ATA devices may also support LBA at the device interface. LBA allows access to approximately 2^28 sectors (137GB) on an ATA device.

A SCSI host adapter can convert a L-CHS directly to an LBA used in the SCSI read/write commands. On a PC today, SCSI is also limited to 8GB when CHS addressing is used at the INT 13H interface.
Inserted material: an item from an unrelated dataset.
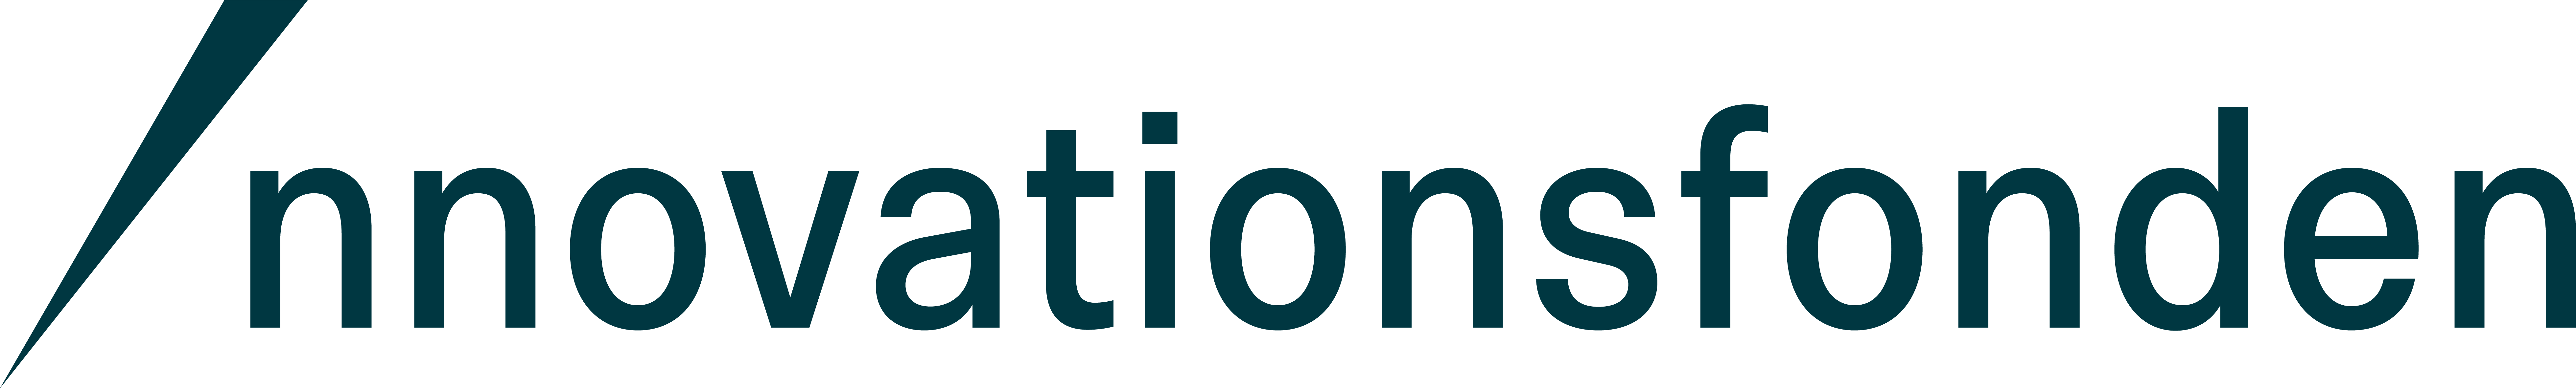 Innovationsfonden Logo
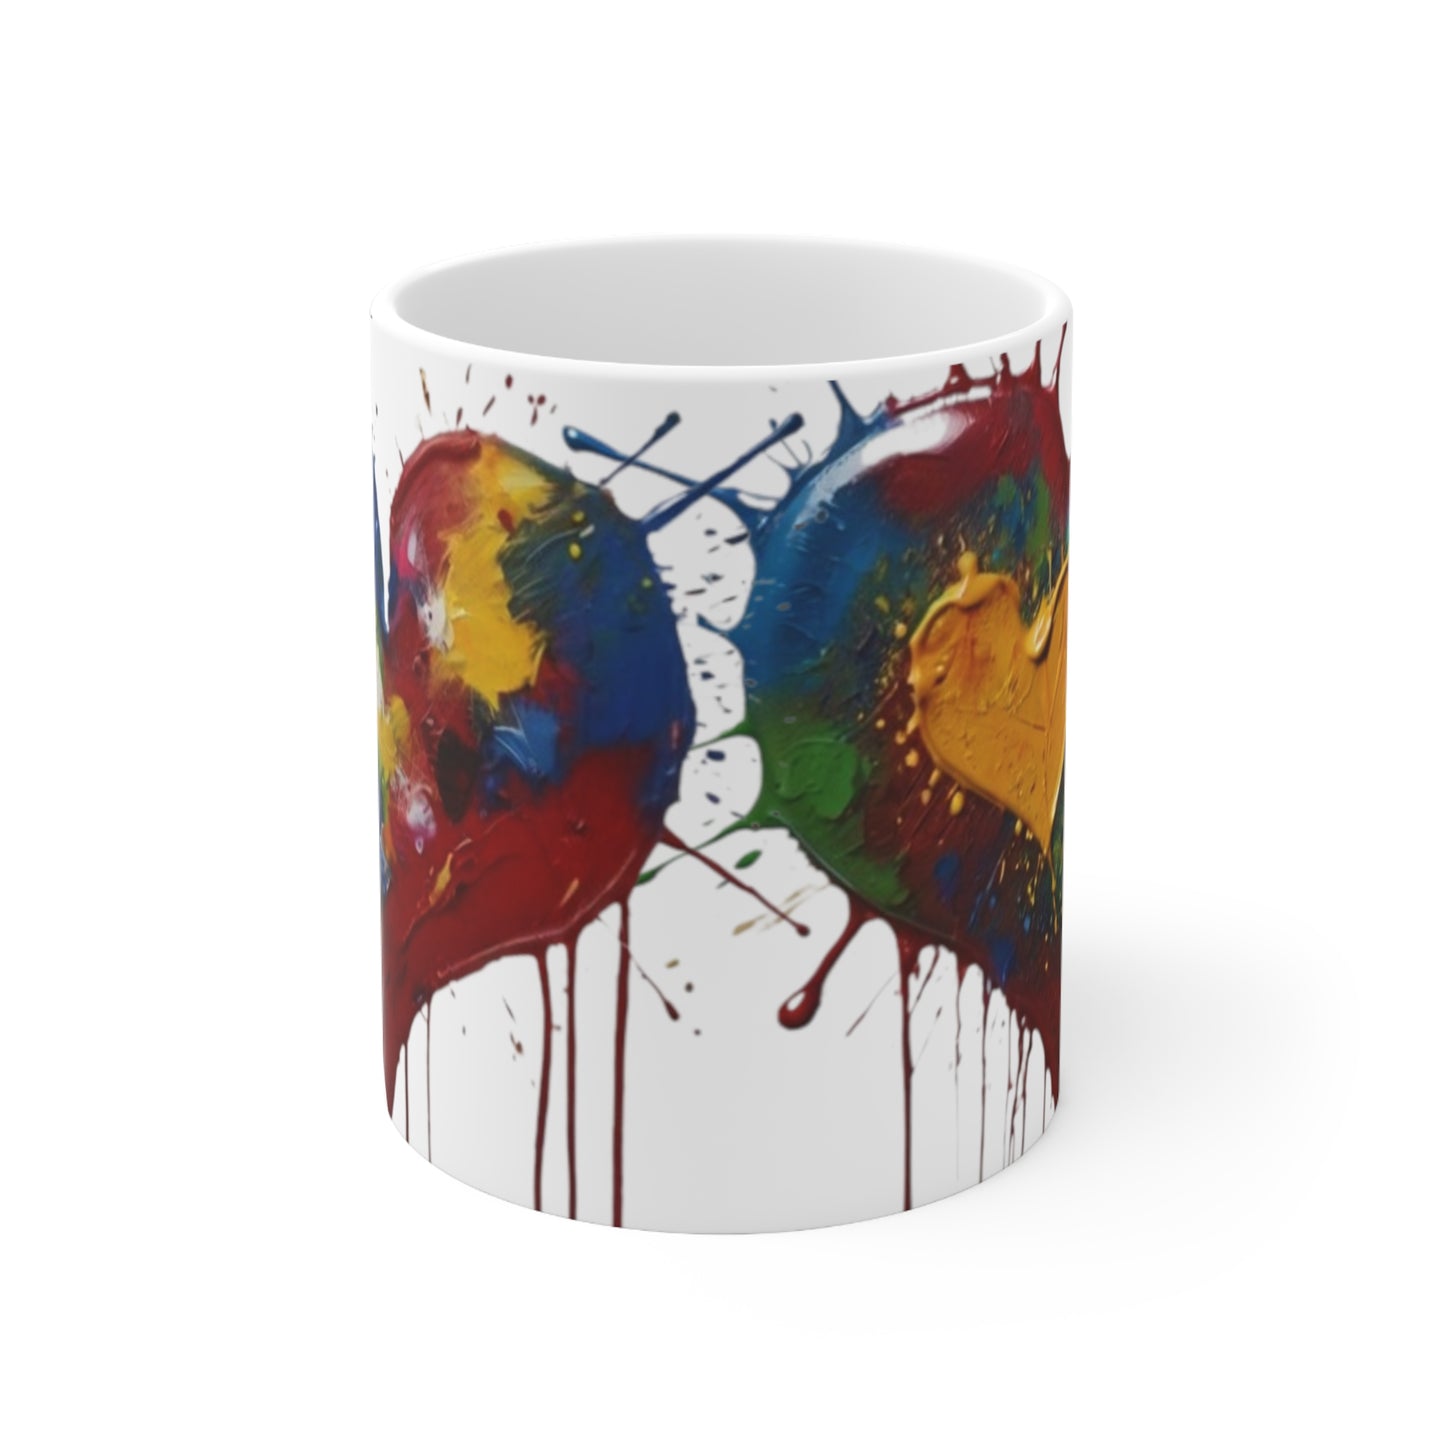 Messy Colourful Multicoloured Love Hearts Mug - Ceramic Coffee Mug 11oz

First, all OS's that want to be co-resident with another OS (and that is all of the PC based OS's that we know of) must use INT 13H to determine the capacity of a hard disk. And that capacity information must be determined in L-CHS mode. Why is this? Because:

FDISK and the partition tables are really L-CHS based.
MS/PC DOS uses INT 13H AH=02H and AH=03H to read and write the disk and these BIOS calls are L-CHS based.
The boot processing done by the BIOS is all L-CHS based.

During the boot processing, all of the disk read accesses are done in L-CHS mode via INT 13H and this includes loading the first of the OS's kernel code or boot manager's code.

Second, because there can be multiple BIOS types in any one system, each drive may be under the control of a different type of BIOS. For example, drive 80H (the first hard drive) could be controlled by the original system BIOS, drive 81H (the second drive) could be controlled by a option ROM BIOS and drive 82H (the third drive) could be controlled by a software driver. Also, be aware that each drive could be a different type, for example, drive 80H could be an MFM drive, drive 81H could be an ATA drive, drive 82H could be a SCSI drive.

Third, not all OS's understand or use BIOS drive numbers greater than 81H. Even if there is INT 13H support for drives 82H or greater, the OS may not use that support.

Fourth, the BIOS INT 13H configuration calls are:

AH=08H, Get Drive Parameters: This call is restricted to drives up to 528MB without CHS translation and to drives up to 8GB with CHS translation. For older BIOS with no support for >1024 cylinders or >528MB, this call returns the same CHS as is used at the ATA interface (the P-CHS). For newer BIOS's that do support >1024 cylinders or >528MB, this call returns a translated CHS (the L-CHS). The CHS returned by this call is used by FDISK to build partition records.
AH=41H, Get BIOS Extensions Support: This call is used to determine if the IBM/Microsoft Extensions or if the Phoenix Enhanced INT 13H calls are supported for the BIOS drive number.
AH=48H, Extended Get Drive Parameters: This call is used to determine the CHS geometries, LBA information and other data about the BIOS drive number.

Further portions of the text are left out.